# Delonghi Magnifica S Not Working



## cneedelman (Sep 9, 2018)

Here is the issue with an ECAM 2321. I did a descaling recently and now sometimes when I try to make a coffee, I hear the grinding, the infuser, the pump starts and then slowly peters out, No coffee, the grounds light, water light and caution triangle light all come on. The puck is discarded and there is water in the collection bin. I've descaled again and again and flushed with fresh water through the frother. Eventually I was able to get water to come through during the rinse and was able to make coffee, but intermittently I'll have the same problem...pump peters out and no coffee.
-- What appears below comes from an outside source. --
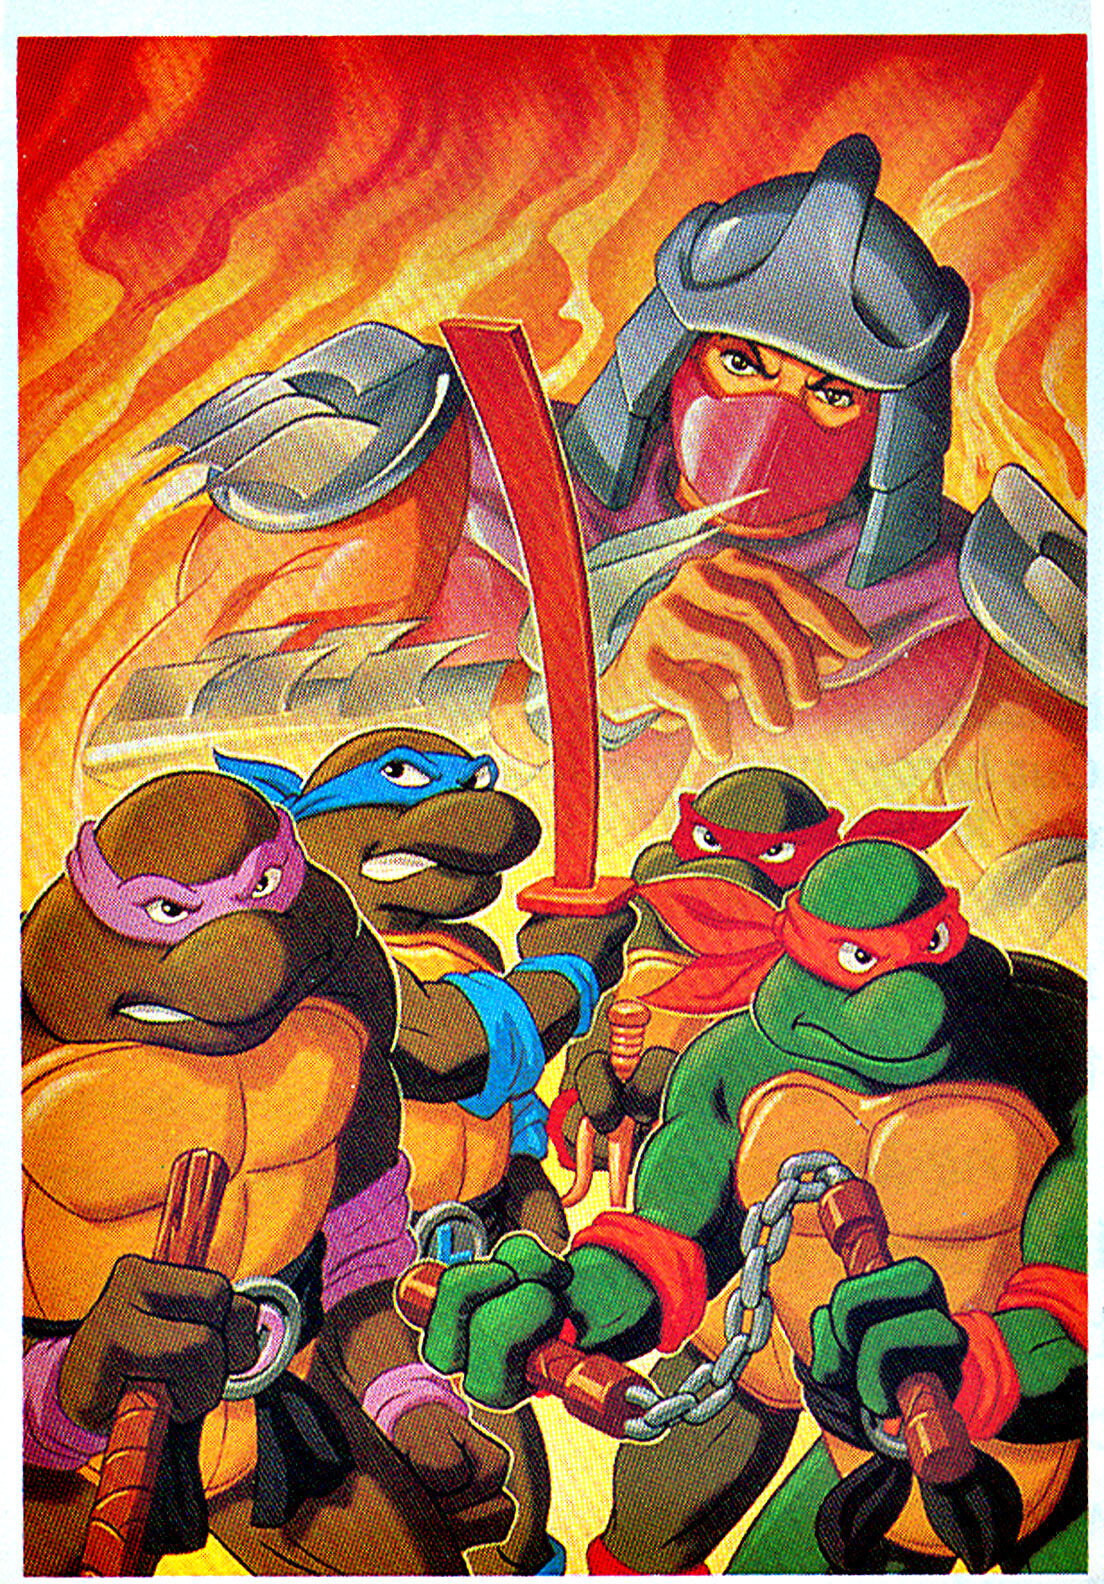 https://static.wikia.nocookie.net/tmnt/images/6/6f/1TMNT-TOS_VHS-HEROES-in-Halfshell_isolated.jpg/revision/latest/scale-to-width-down/1104?cb=20090124105237

Any ideas?


----------



## DavecUK (Aug 6, 2013)

cneedelman said:


> Here is the issue with an ECAM 2321. I did a descaling recently and now sometimes when I try to make a coffee, I hear the grinding, the infuser, the pump starts and then slowly peters out, No coffee, the grounds light, water light and caution triangle light all come on. The puck is discarded and there is water in the collection bin. I've descaled again and again and flushed with fresh water through the frother. Eventually I was able to get water to come through during the rinse and was able to make coffee, but intermittently I'll have the same problem...pump peters out and no coffee. Any ideas?


Send it back under warranty.


----------



## cneedelman (Sep 9, 2018)

It's 5 years old, probably long out of warranty.

Thanks!


----------



## Guest (Jul 25, 2019)

Did you happen to find a fix? I have had mine for the same amount of time and sounds like the same problem.


----------



## sambam95 (Dec 21, 2020)

Did you ever manage to sort this?


----------